闘気の物質化。自身の闘気で作り出す聖剣のように、この霊気を物質化する。自分の闘気が混じっているおかげでそれをガイドにうまくできるかもしれない。ただ、霊気に浸かっているのは拳部分だけ。聖拳の要領で腕全体を覆うにも、拳部分しか物質化のイメージがしづらい状況である。
(なら、剣か。自分の手から霊気の奔流の中に伸びていく刀身をイメージして…)
圧縮、圧縮、圧縮。まるで10階建てのビルでもできそうな膨大な霊気を少しずつ少しずつ小さく押しつぶし、剣のイメージを作り上げる。デザインまで気を回す余裕がないため、ごくシンプルな柄と刃だけの剣を。
「できたー!」
そしてその剣を、マスター・不知火の胸部から引き抜く。
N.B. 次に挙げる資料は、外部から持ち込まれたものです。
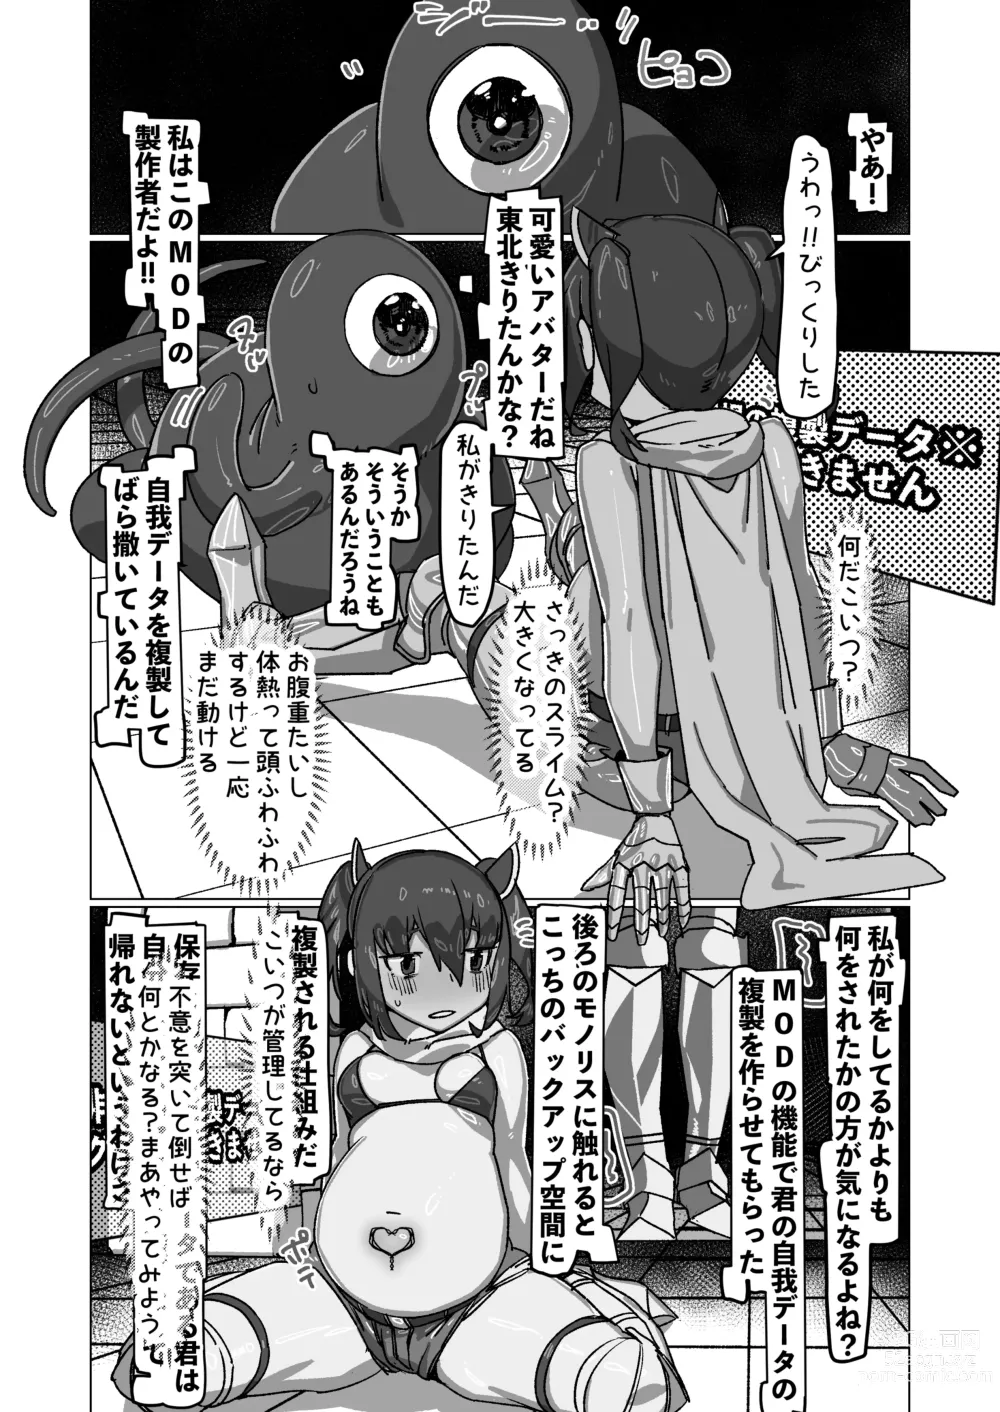 Page 10 of doujinshi Jibun no Koto o   Tohoku Kiritan da to Omoikondeiru Kiritan  no Full Dive VR Dungeon
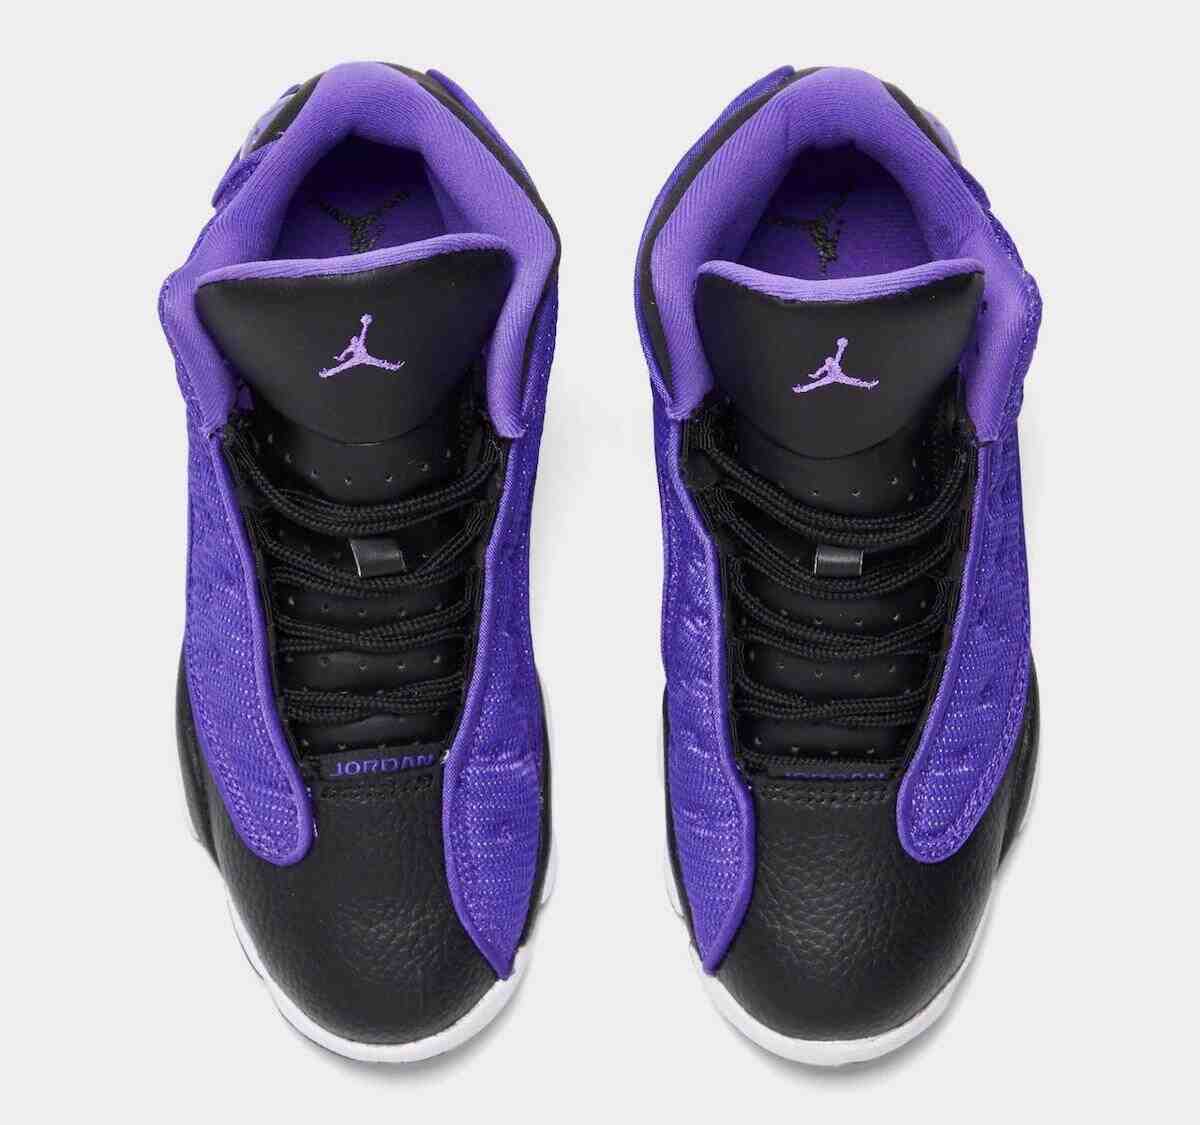 Jumpman, Jordan 13, Jordan, Air Jordan 13, Air Jordan 1, Air Jordan - Air Jordan 13 GS "紫色毒液 "10 月 2 日发布

まるで光を呑み込むベンタブラックなその黒さ。
「ほう、まるで魔剣ブラックソード・ゼロのようだ」
トッシュが霊気を操作するのを見守っていたガンゾウは、その出来上がりを褒める。魔剣ブラックソード・ゼロ。その剣を超える剣は無し、故にゼロ。矛盾という言葉のモチーフにもなった、最強の魔剣。
「さて、ではグランガイザスを滅ぼす作戦を説明する。アーウィン、サン、お前たちも話を聞いてもらおうか」
自分が数年間騙していたアーウィンと、自分がボディーブローを打ち込んで黙らせたサンも集めて、ガンゾウ作戦の説明を始めた。